Mark Horneffer, M.D., F.A.C.P, Internal Medicine, Columbia St. Mary’s

Posted: Feb. 1, 2008

Calcium scoring is becoming increasingly popular as a diagnostic test to aid in the early detection and risk assessment of heart disease. The heart scan is most often done using a multi-slice CT scanner, which takes high-speed, low-radiation images of the heart and counts the amount of calcium present. This noninvasive technique typically takes 10 to 20 seconds and patients remain in their clothes. There is no need for an IV or medication prior to the heart scan.

A calcium score is a measure of how much plaque has accumulated in blood vessels of the heart. The amount of calcium buildup is a good predictor of a person’s risk of a heart attack and can be used by primary care doctors as a guide for treatment. However, because calcium scoring is still relatively new and hasn’t been proven to save lives, the test is rarely covered by insurance. The cost of a heart scan typically runs patients $150 to $200 out of pocket.

Studies show a strong correlation between high levels of calcium buildup and a high amount of blockage in people’s arteries. Almost everybody accumulates some calcium buildup in arteries over the years. Heart scan results compare a person’s calcium score with the average score for other people of the same age and sex. Calcium scores can range from 0 to over 1,000.

No formal guidelines exist for determining who should undergo a coronary calcium scan. The presence of traditional risk factors such as diabetes, high cholesterol, high blood pressure, smoking and genetic predisposition remains the standard approach to evaluating a patient’s risk for heart disease, but a heart scan can be a more definitive tool for assessing someone at intermediate risk.

Ideally, a heart scan candidate might be a man in his 40s or a woman in her 50s who has borderline high cholesterol and a strong family history of heart disease. Scan results can help determine if the patient needs to incorporate medication and/or lifestyle modifications to lower his or her risk of heart disease.

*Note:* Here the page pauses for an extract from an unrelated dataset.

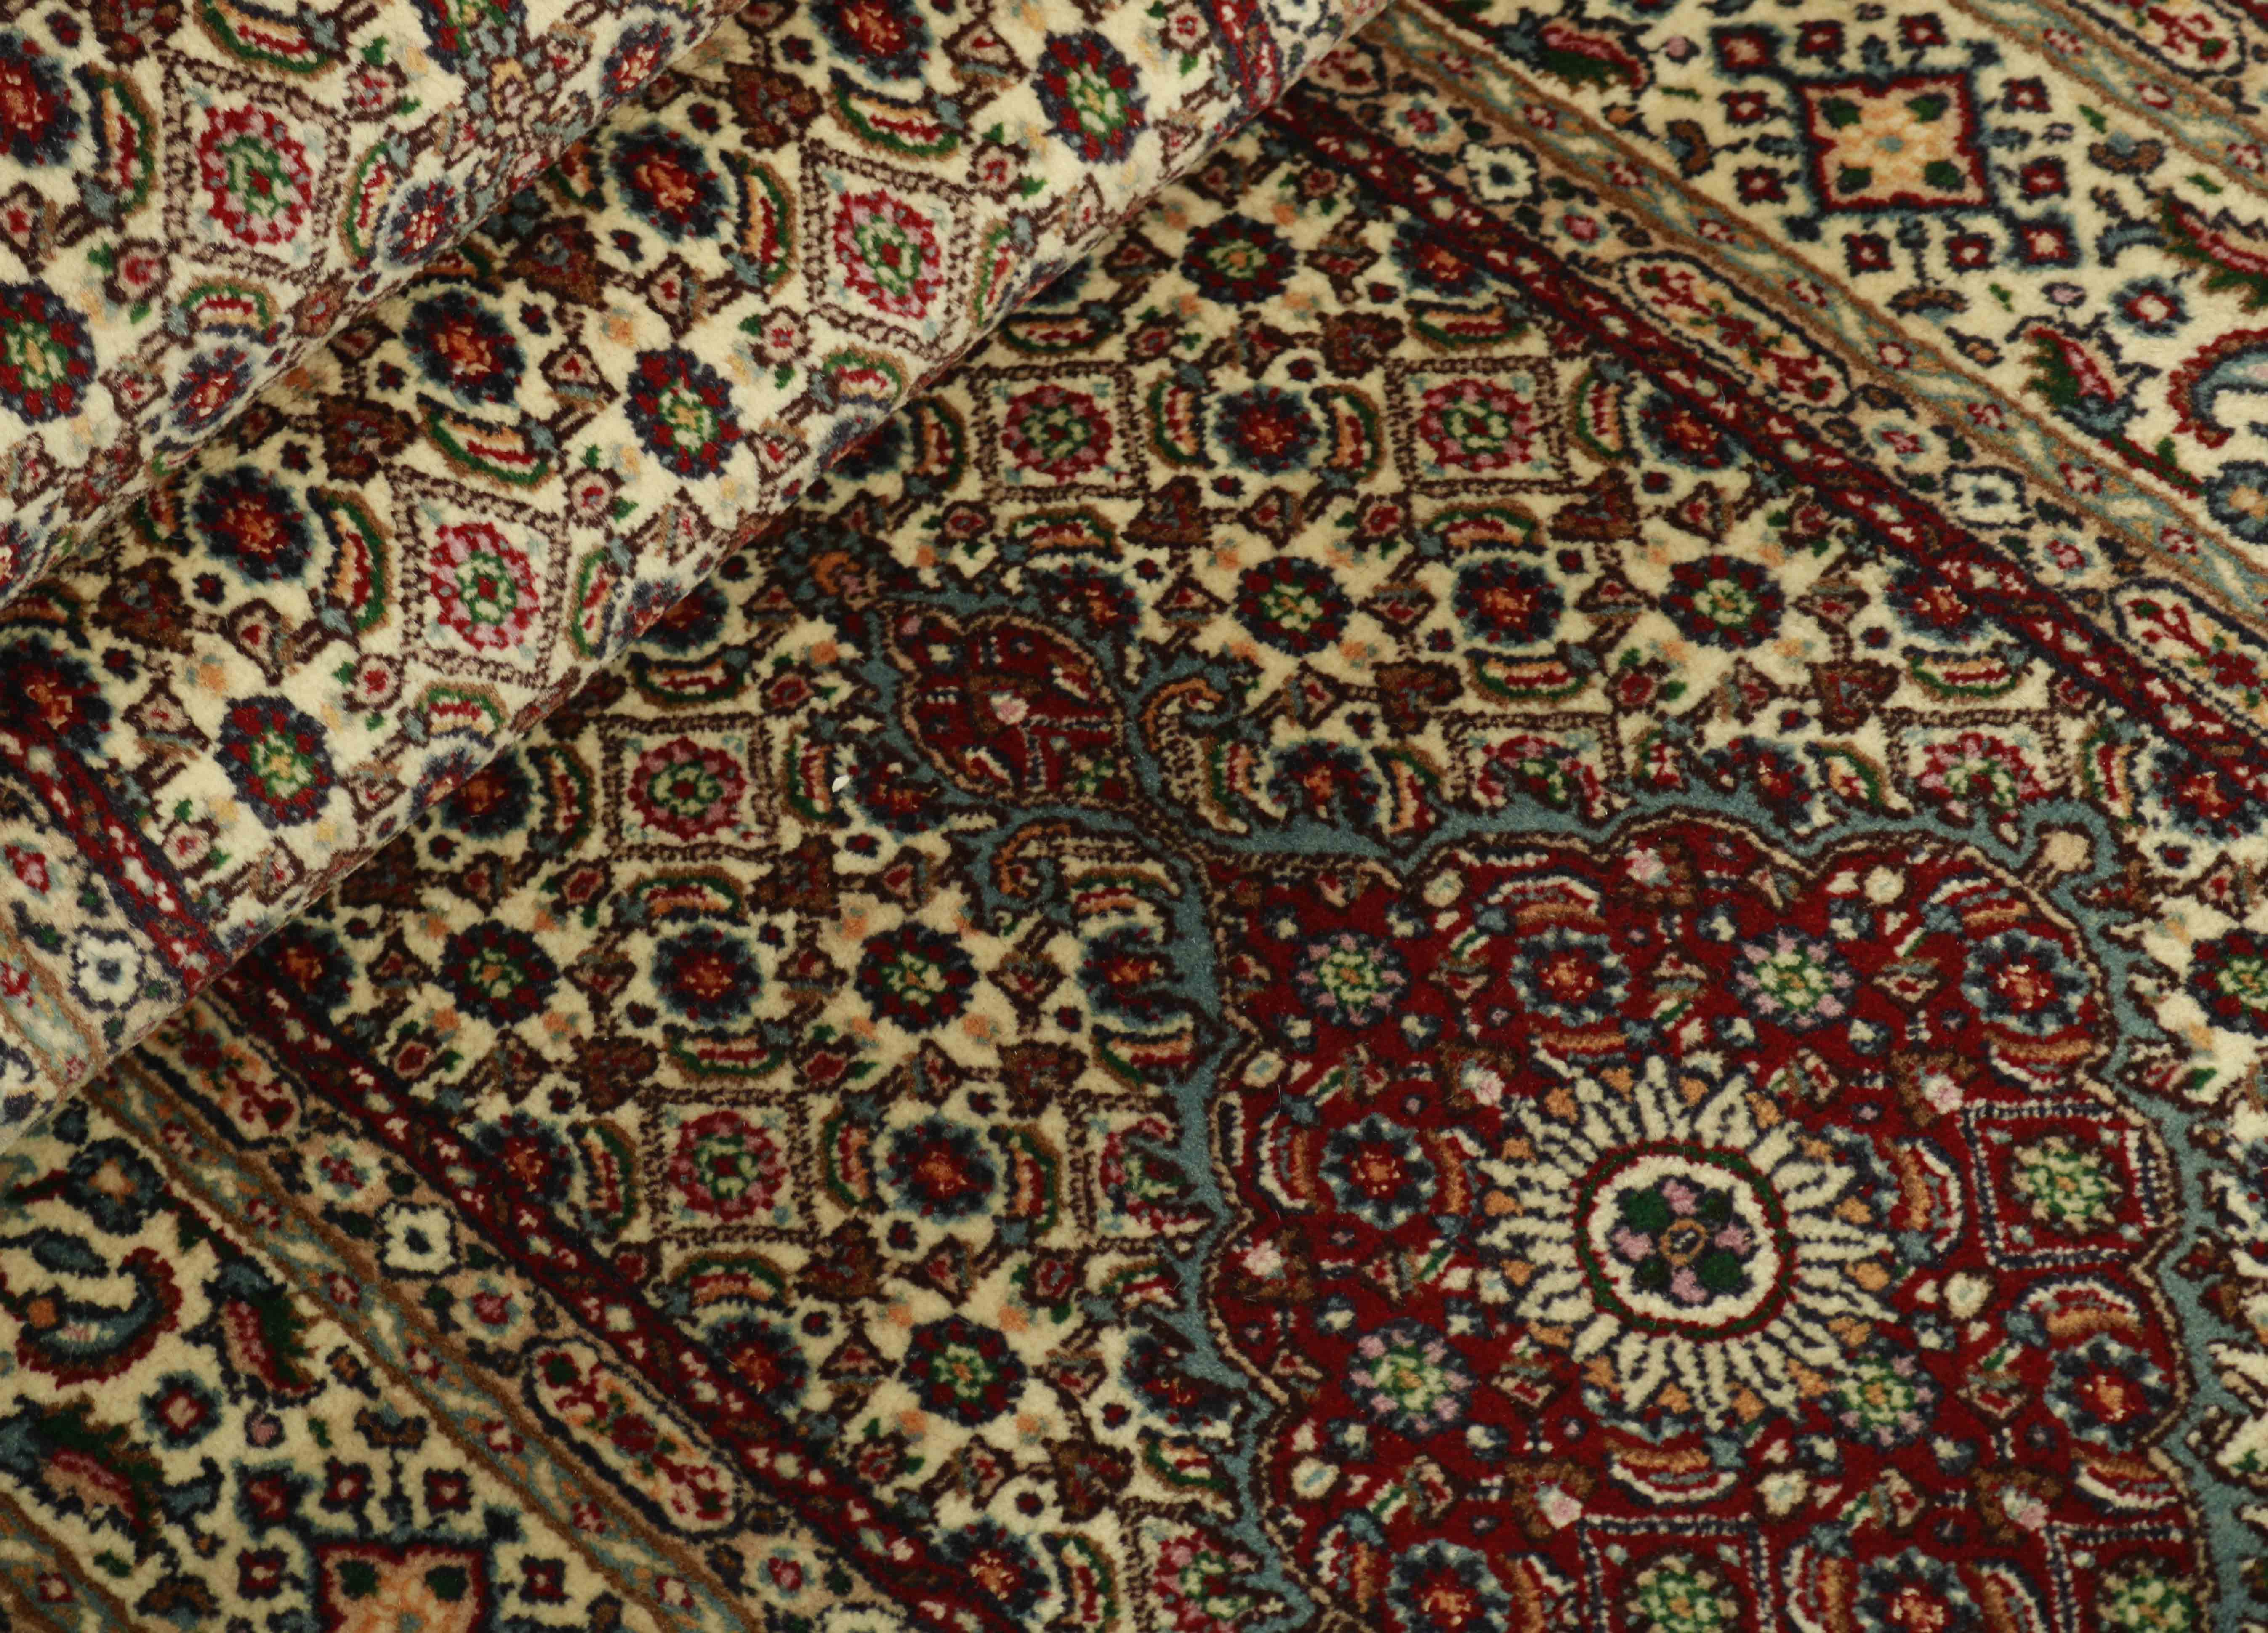 authentic persian runner with traditional floral pattern in red

When evaluation of risk factors does not tell the whole story, a heart scan can be helpful in identifying a person’s propensity for developing heart disease. For example, one of my patients was a 40-year-old woman who was in excellent health but had a strong family history of heart disease. As a result, she was advised to undergo a coronary calcium scan. Test results revealed that the woman’s calcium score was in the 99th percentile and she is now on a preventative regimen, which includes aspirin, cholesterol medication, vitamin D and fish oil.

The drawback of any heart screen test – whether it is a coronary calcium scan, stress test, or heart catheterization–relates to the unpredictability of heart disease itself. As calcium and cholesterol build up as plaques in the walls of arteries, some plaques are less stable than others. A person can have very little narrowing in the artery at one moment, but if the plaque ruptures, a sudden blockage occurs, and this is the cause of almost all heart attacks.

Still, the efforts that prevent plaque buildup are the same efforts that reduce the risk of plaque rupture. Evidence shows that the best way to avoid future heart problems is to consume a heart-healthy diet, exercise, avoid smoking, and take medications when appropriate.

Many centers recommend repeat heart scans to follow calcium buildup, but this practice has no proof of benefit. I tend to discourage my patients from getting repeat scans to minimize accumulated radiation exposure.

Patients who undergo a heart scan receive a preliminary report immediately following the procedure. The technician then sends a final, comprehensive report to the patient’s primary care physician within days of the scan.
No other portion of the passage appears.